The review additionally famous that conflicting data inside the context can confuse the AI model, making it vital to use a filtering step to take away irrelevant or deceptive content material. “That’s normally not an issue with RAG, but when we indiscriminately put every little thing within the context, we’ll additionally want a filtering step,” said D’Alia, who cited the above study to again his arguments.
All issues thought-about, Meta’s Llama 4 is certainly an enormous step ahead in open supply AI.
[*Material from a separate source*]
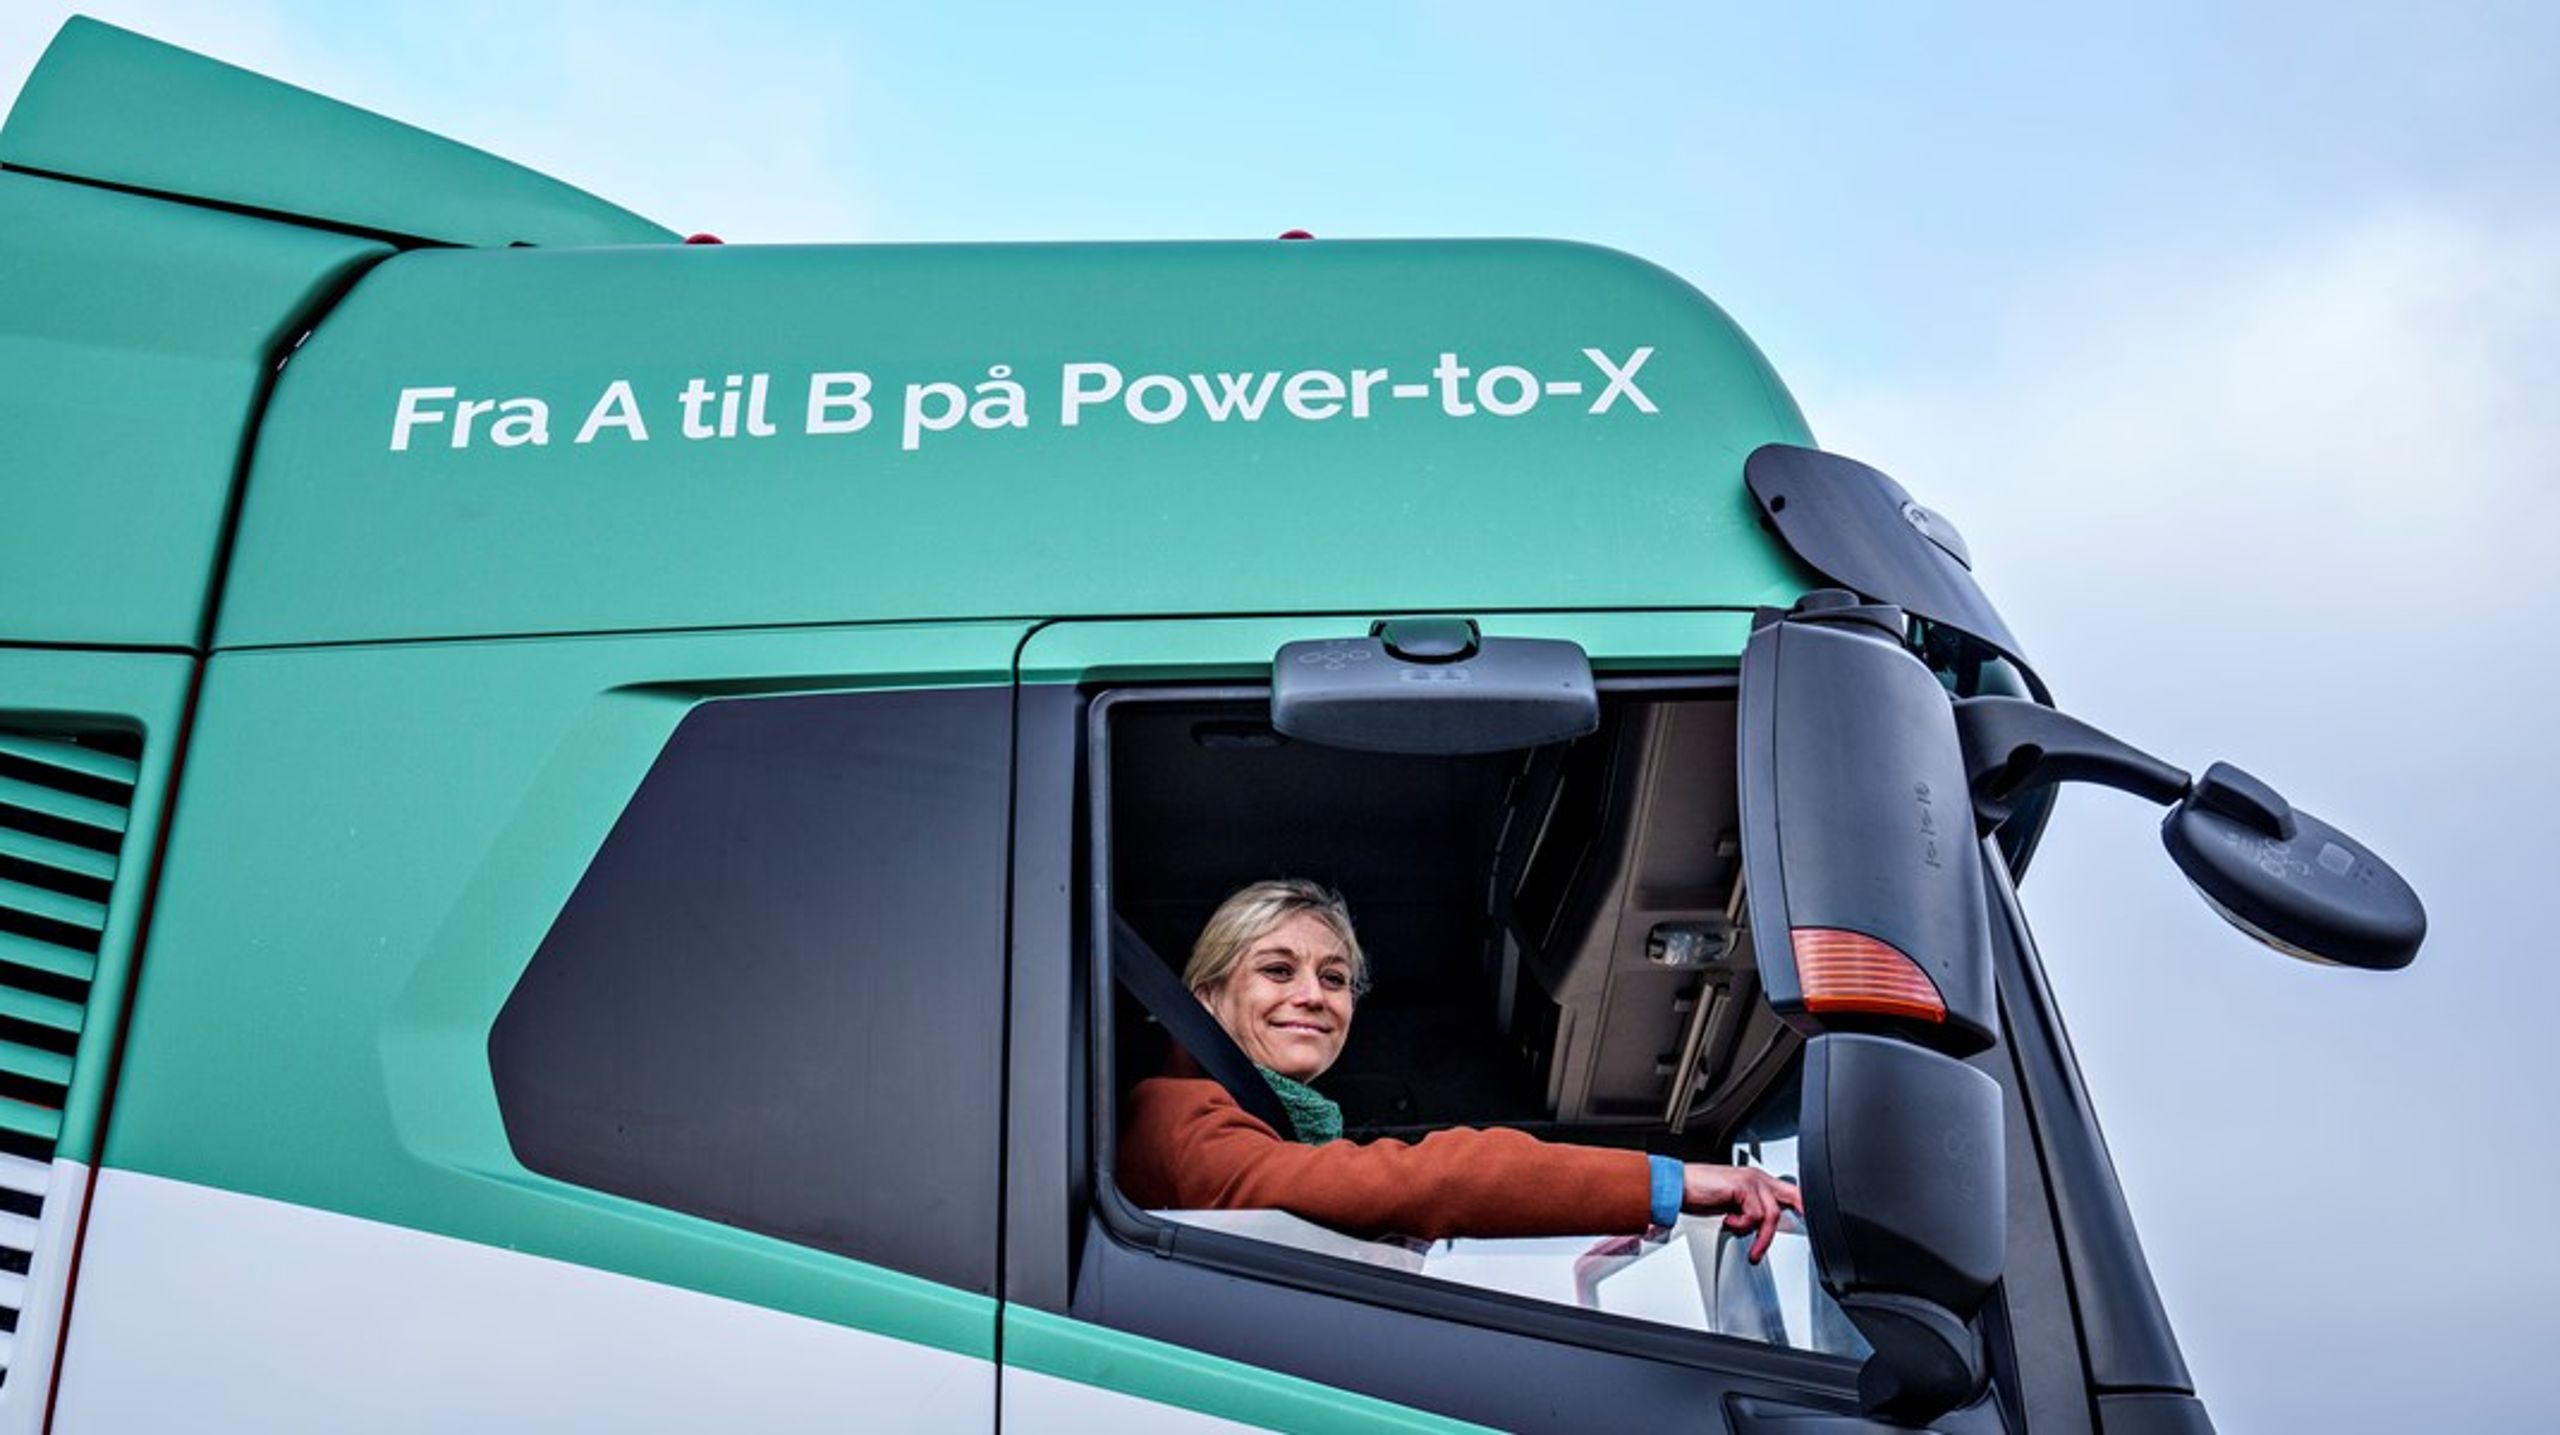 Mere brændstof til Power-to-X i form af tilskud fra Innovationsfonden. Her ses den forhenværende transportminister Trine Bramsen i marts 2022, da Europas første Power-to-X lastbil var kommet til Danmark.&nbsp;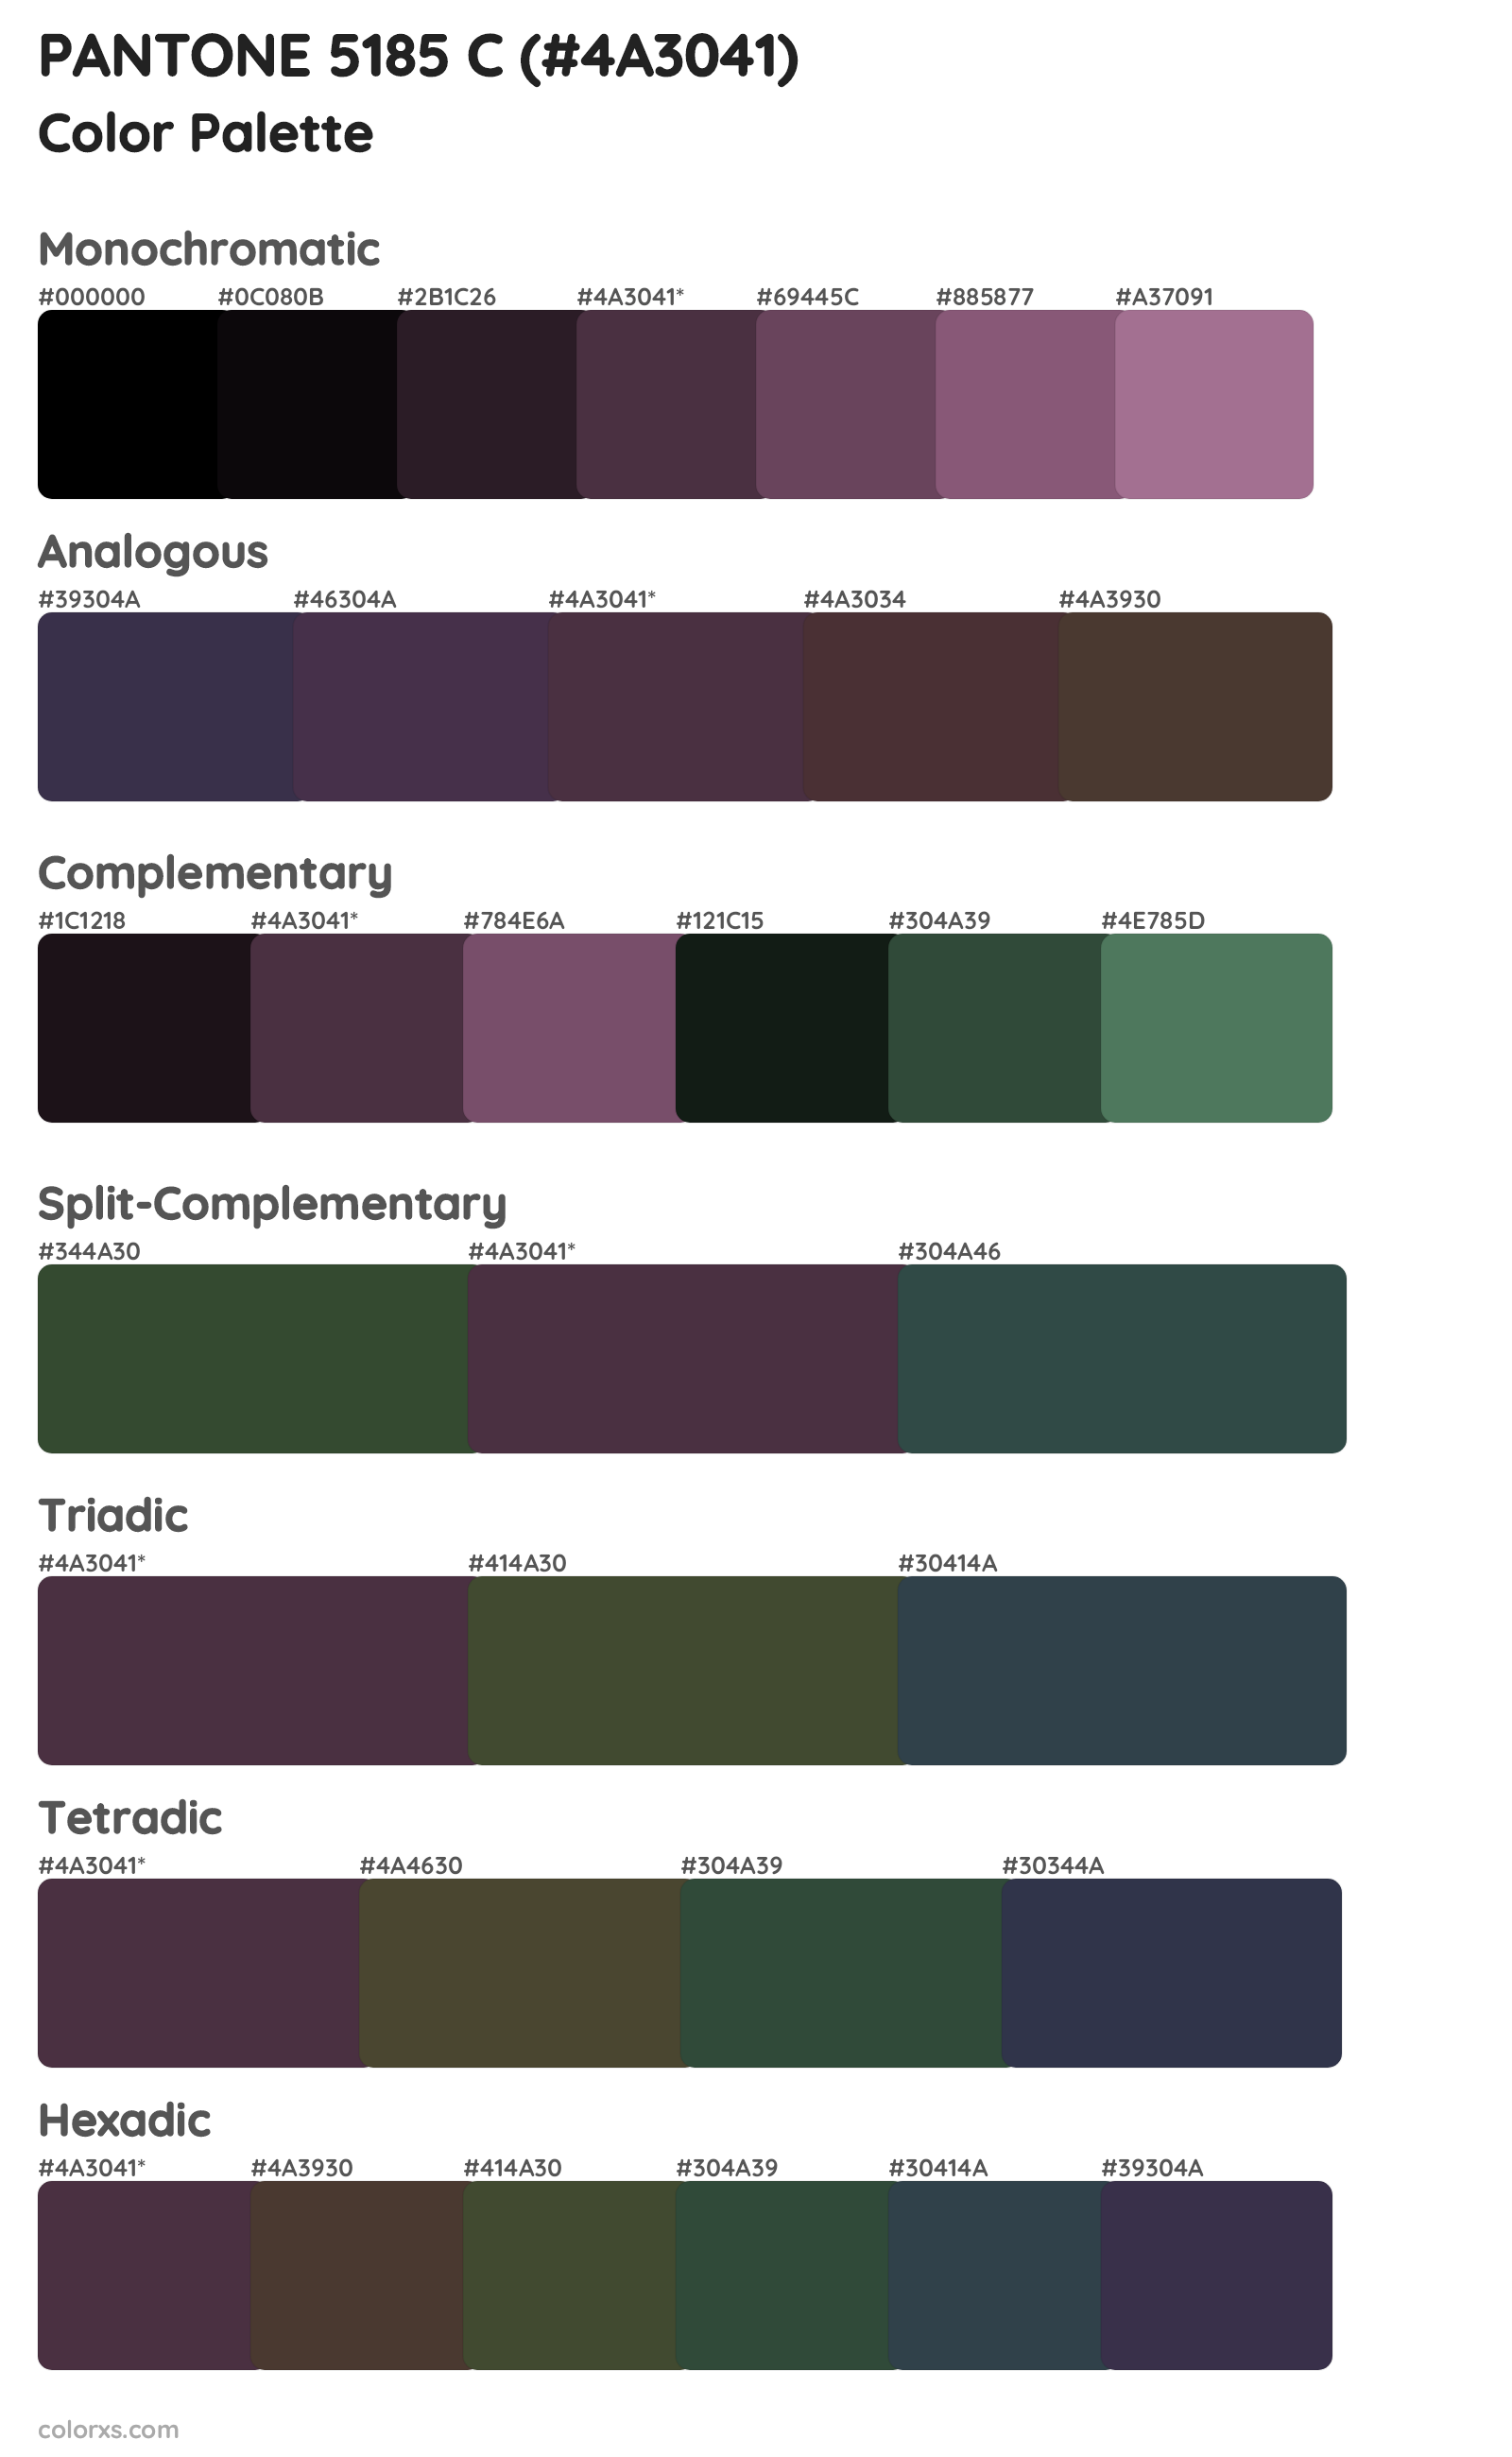 PANTONE 5185 C Color Scheme Palettes

Artificial Analysis, a platform that evaluates AI models, mentioned that the Llama 4 Maverick beats the Claude 3.7 Sonnet however trails the DeepSeek-V3 whereas being extra environment friendly. However, the Llama 4 Scout provides efficiency parity with the GPT-4o mini.
On the MMLU-Professional benchmark, which evaluates LLMs on reasoning-focused questions, the Llama 4 Maverick scored 80%, matching the Claude 3.7 Sonnet (80%) and OpenAI’s o3-mini (79%).
On the GPQA Diamond benchmark, which exams AI models on graduate-level science questions, the Llama 4 Maverick scored 60%, decrease than Gemini 2.0 Flash (60%) and DeepSeek V3 (66%).